According to the md5sums the files are identical. What bothers me is the
directory structure (you can see the ls -R in each dir that contains files).

So I mixed up 63 and 68, my list should have read 2, 28, 35 and 63
since 68 is listed as empty in the pg query.

Where can I read about how/why those DIR# subdirectories have appeared?

Given that the files themselves are identical on the "current" OSDs
belonging to the PG, and as the osd.63 (currently not belonging to the PG)
has the same files, is it safe to stop the OSD.2, remove the 3.367_head dir,
and then restart the OSD? (all these with the noout flag set of course)
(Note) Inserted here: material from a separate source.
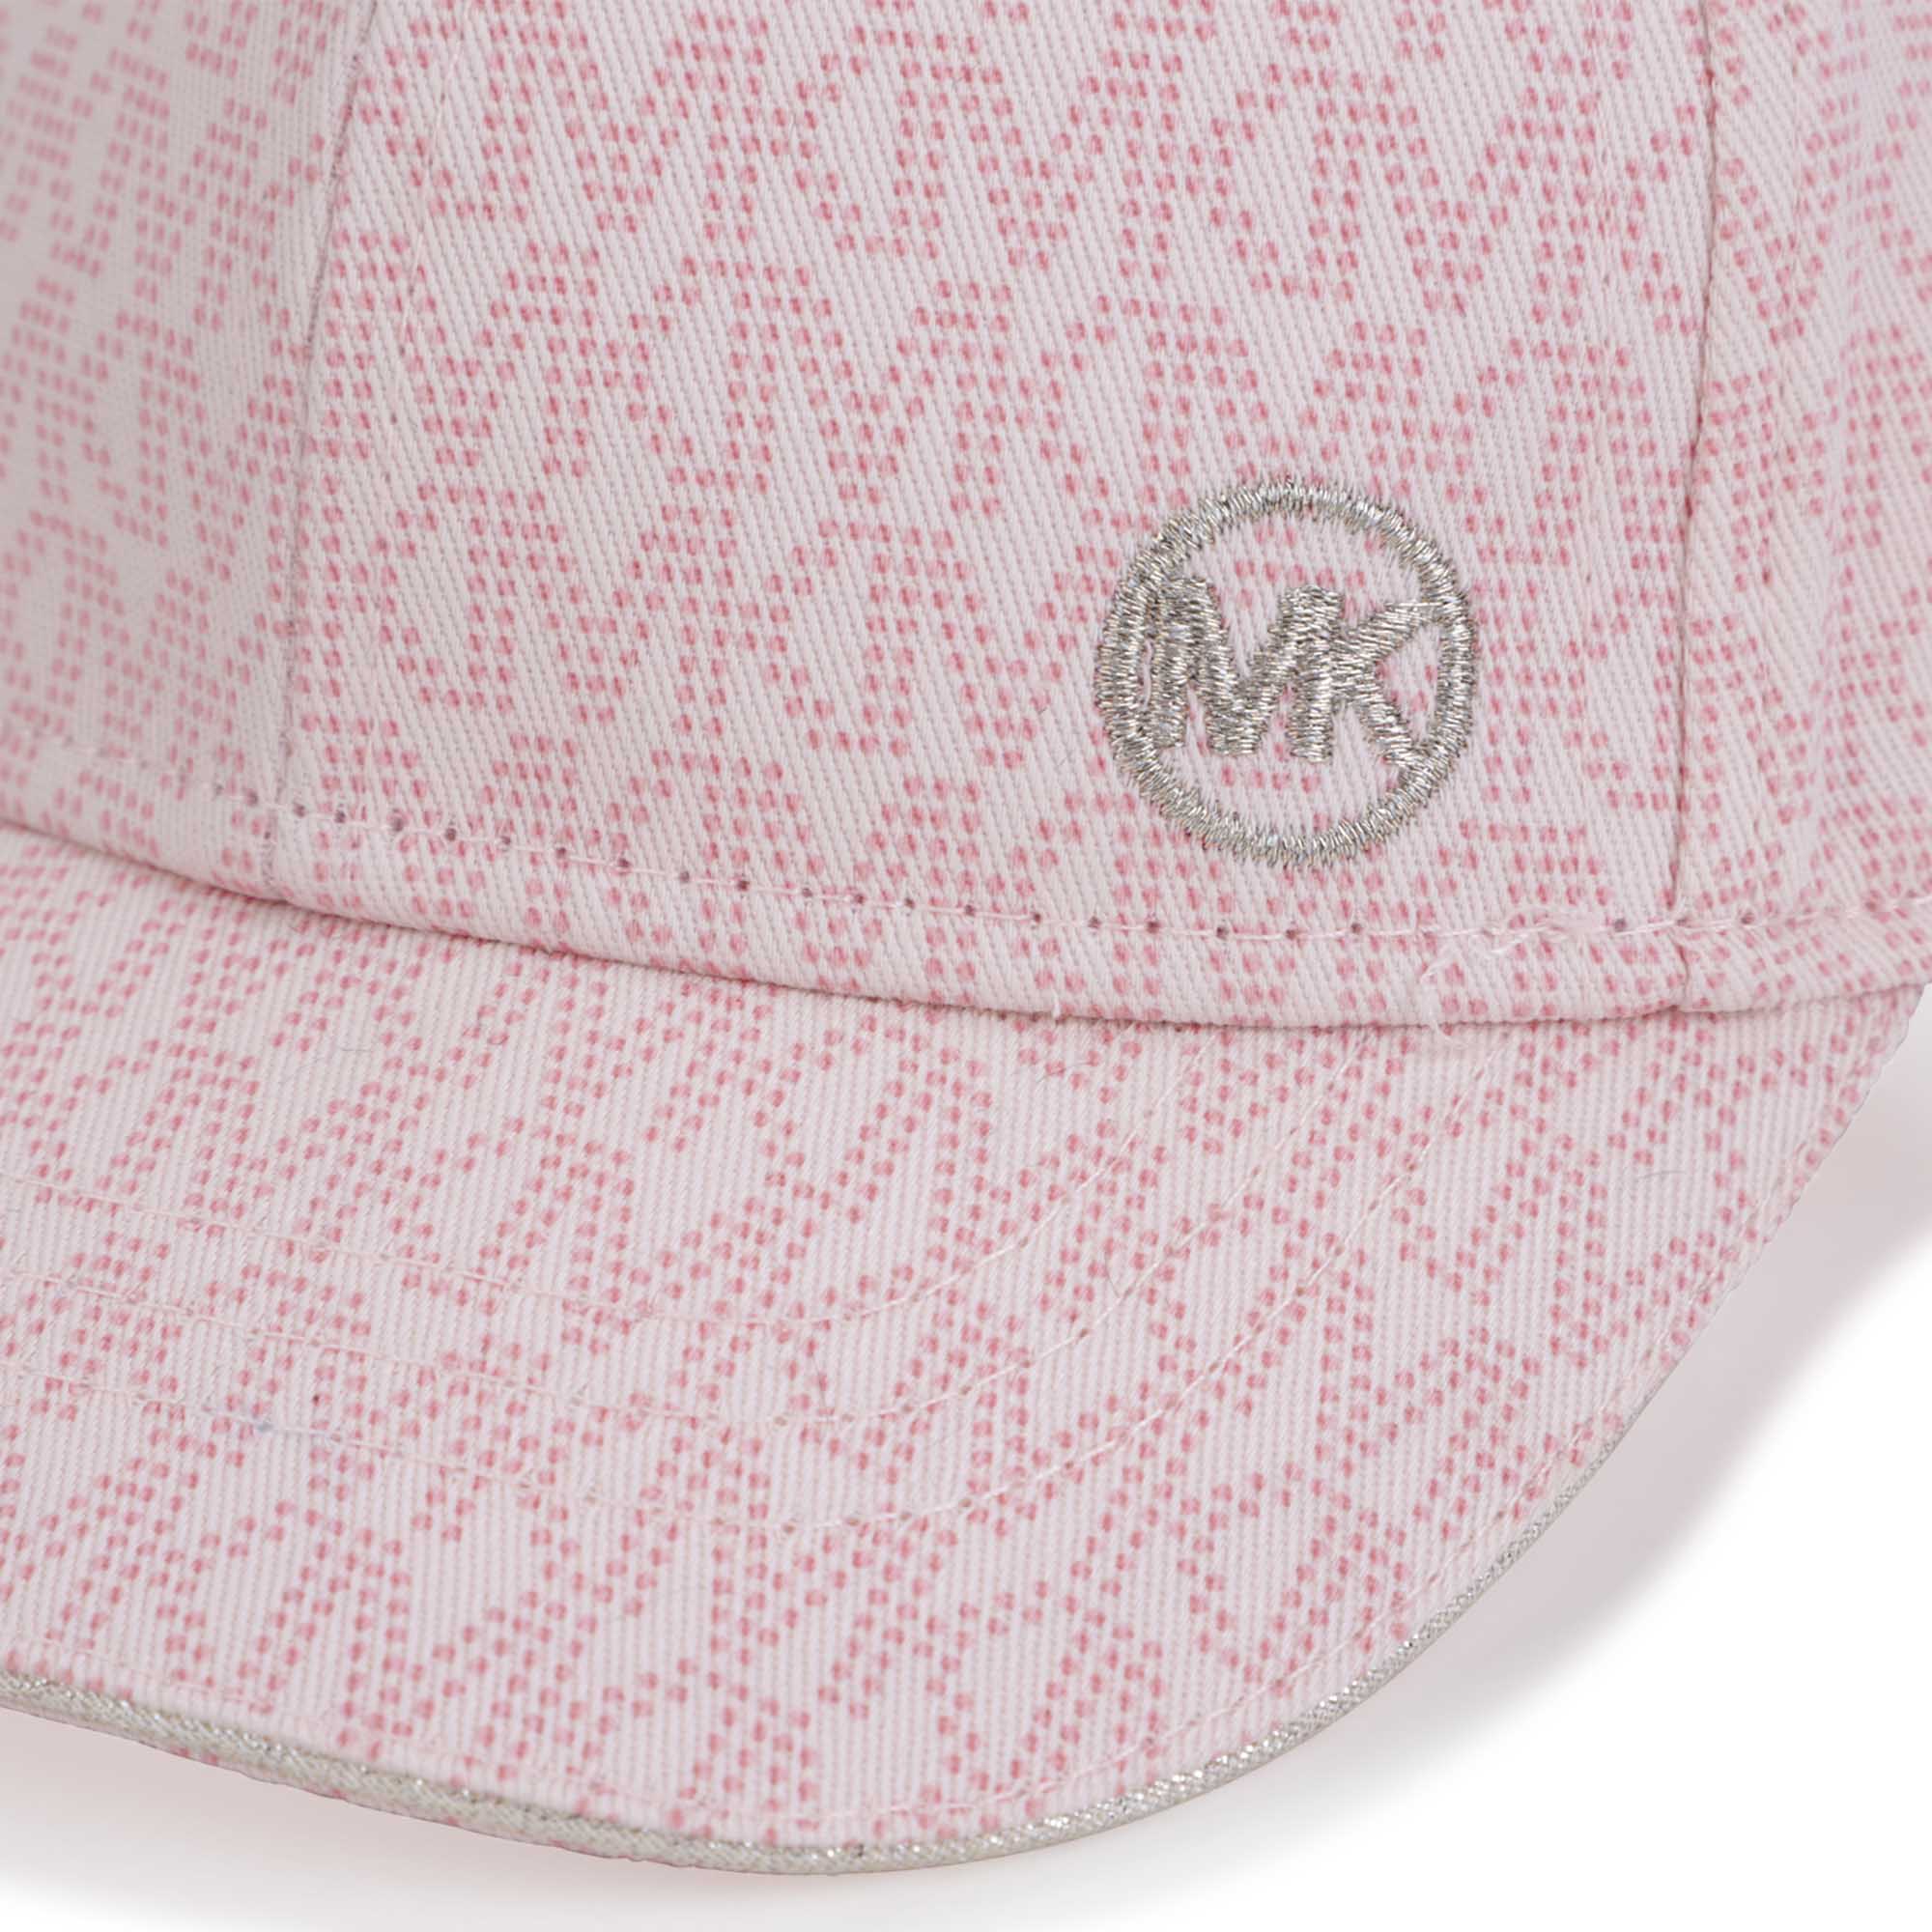 Cotton baseball cap MICHAEL KORS for GIRL

*You* need to decide which is the "good" copy and then follow the
instructions in the links I provided to try and recover the pg. Back
those known copies on 2, 28, 35 and 63 up with the
ceph_objectstore_tool before proceeding. They may well be identical
but the peering process still needs to "see" the relevant logs and
currently something is stopping it doing so.

Kind regards,
Laszlo

On 11.03.2017 00:32, Brad Hubbard wrote:

So this is why it happened I guess.

pool 3 'volumes' replicated size 3 min_size 1

min_size = 1 is a recipe for disasters like this and there are plenty
of ML threads about not setting it below 2.
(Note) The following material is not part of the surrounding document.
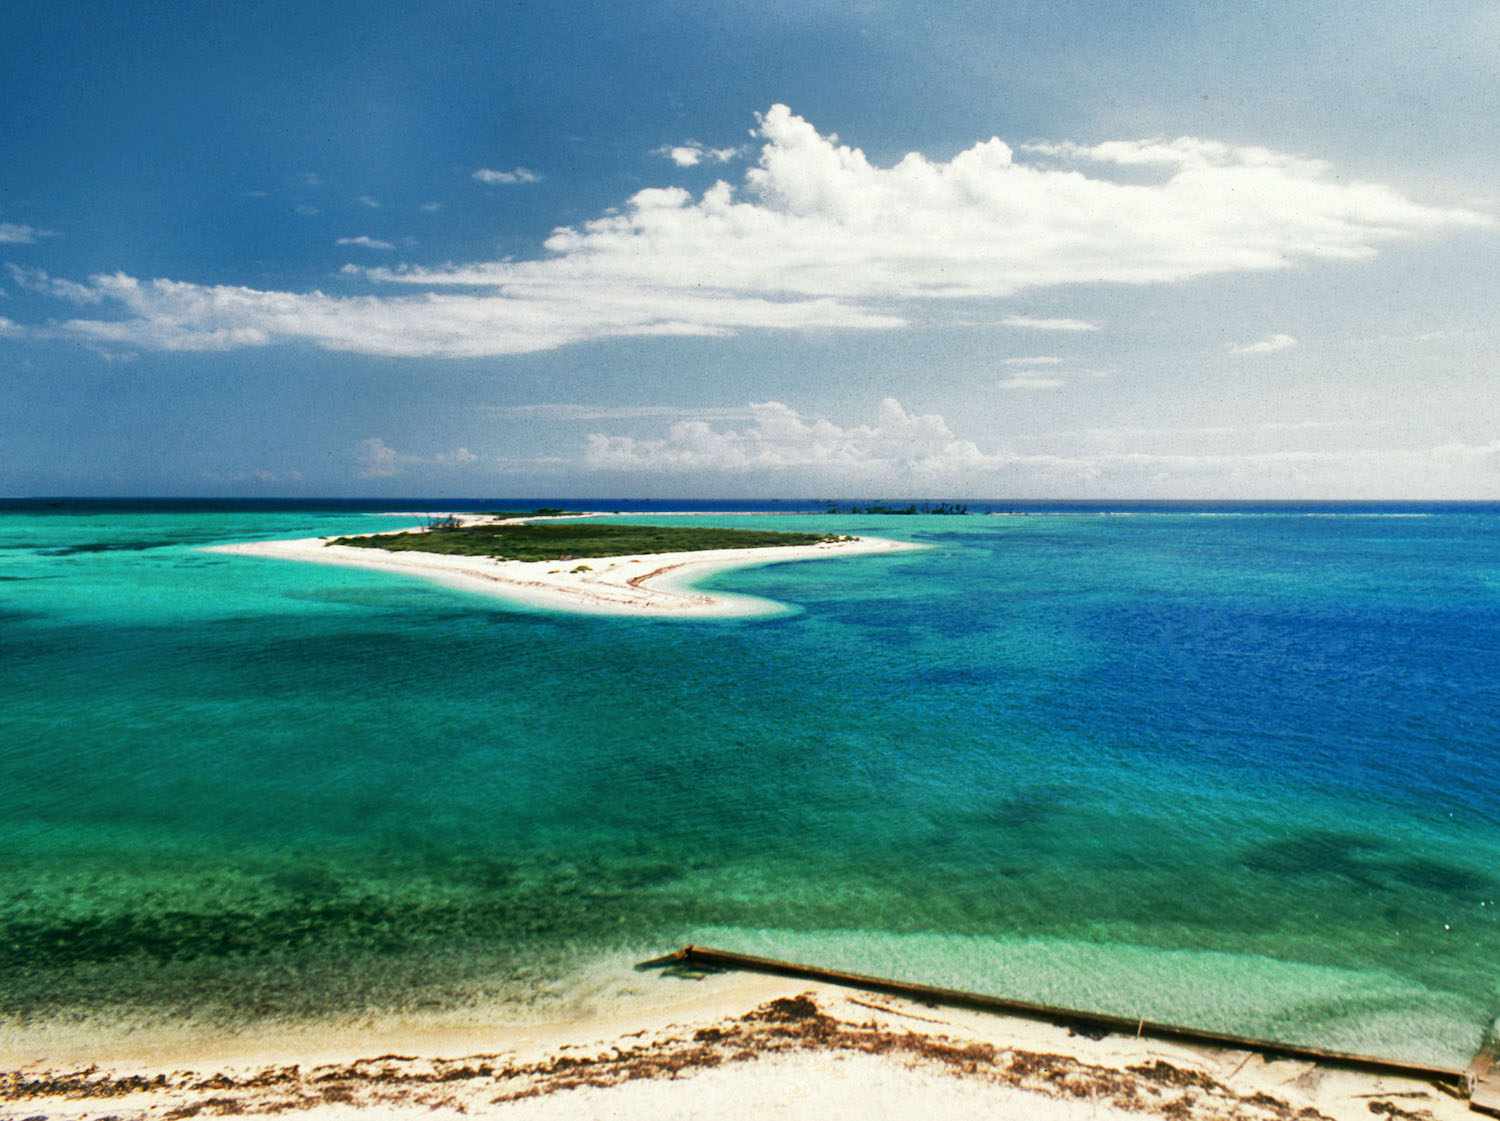 佛罗里达州西基岛的干托图加斯岛的蓝绿色水域

The past intervals in the pg query show several intervals where a
single OSD may have gone rw.

How important is this data?

I would suggest checking which of these OSDs actually have the data
for this pg. From the pg query it looks like 2, 35 and 68 and possibly
28 since it's the primary. Check all OSDs in the pg query output. I
would then back up all copies and work out which copy, if any, you
want to keep and then attempt something like the following.

https://www.mail-archive.com/ceph-users@xxxxxxxxxxxxxx/msg17820.html

If you want to abandon the pg see

http://lists.ceph.com/pipermail/ceph-users-ceph.com/2016-September/012778.html
for a possible solution.

http://ceph.com/community/incomplete-pgs-oh-my/ may also give some ideas.
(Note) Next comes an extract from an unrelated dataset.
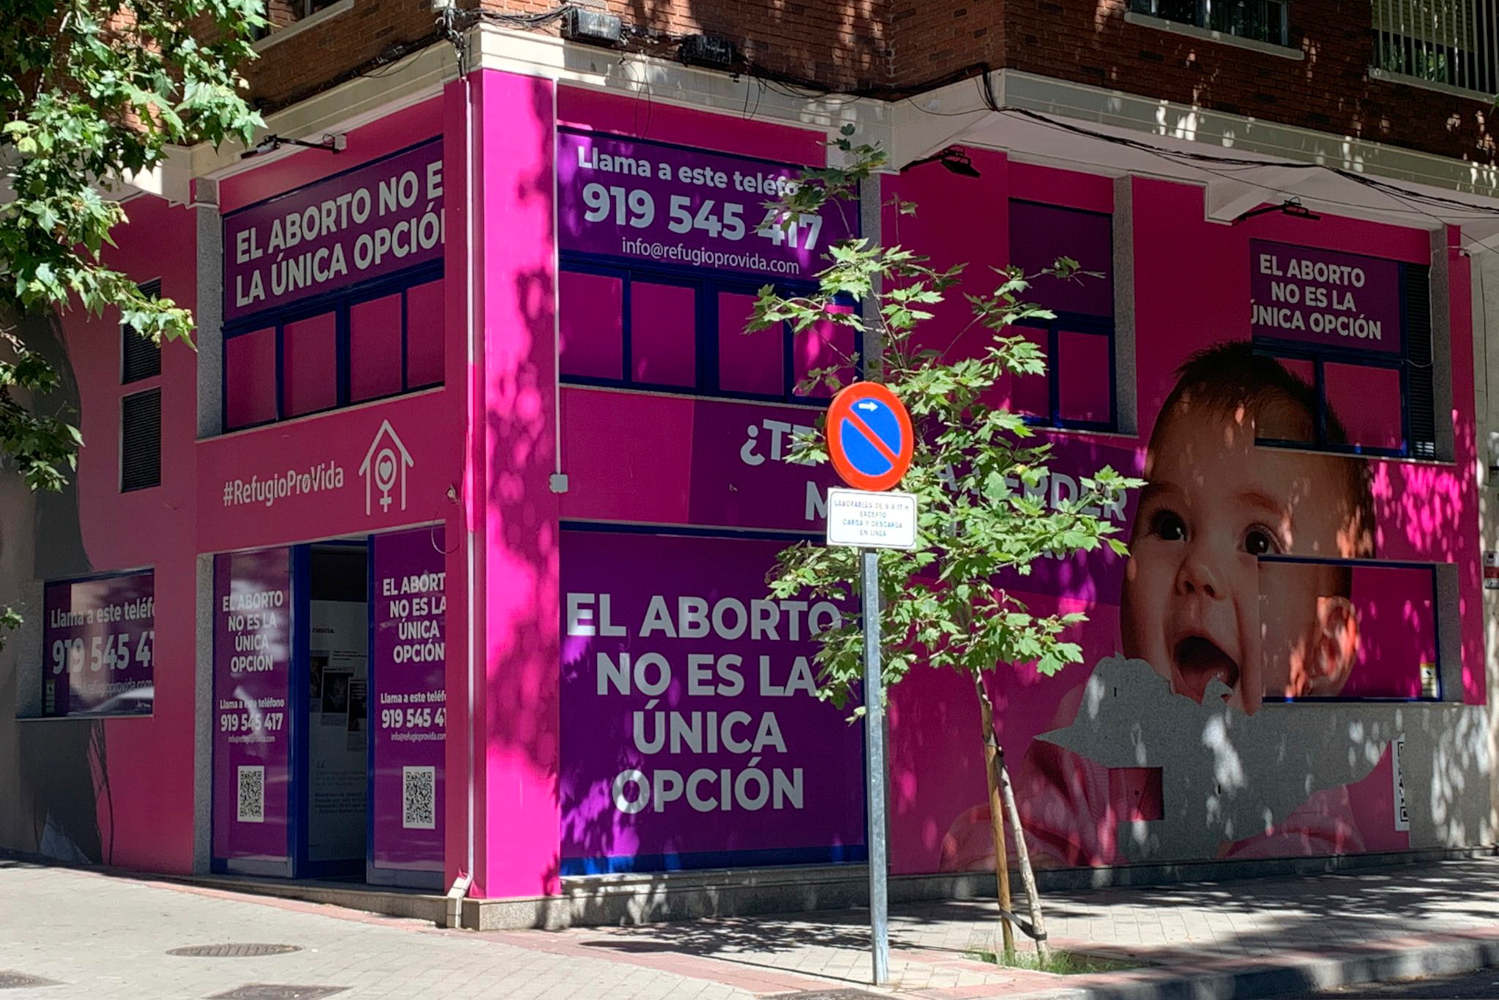 Imagen de clínicas abortivas

On Fri, Mar 10, 2017 at 9:44 PM, Laszlo Budai <laszlo@xxxxxxxxxxxxxxxx>
wrote:

The OSDs are all there.

$ sudo ceph osd stat
     osdmap e60609: 72 osds: 72 up, 72 in

an I have attached the result of ceph osd tree, and ceph osd dump
commands.
I got some extra info about the network problem. A faulty network device
has
flooded the network eating up all the bandwidth so the OSDs were not able
to
properly communicate with each other. This has lasted for almost 1 day.

Thank you,
Laszlo

On 10.03.2017 12:19, Brad Hubbard wrote:

To me it looks like someone may have done an "rm" on these OSDs but
not removed them from the crushmap. This does not happen
automatically.

Do these OSDs show up in "ceph osd tree" and "ceph osd dump" ? If so,
paste the output.

Without knowing what exactly happened here it may be difficult to work
out how to proceed.

In order to go clean the primary needs to communicate with multiple
OSDs, some of which are marked DNE and seem to be uncontactable.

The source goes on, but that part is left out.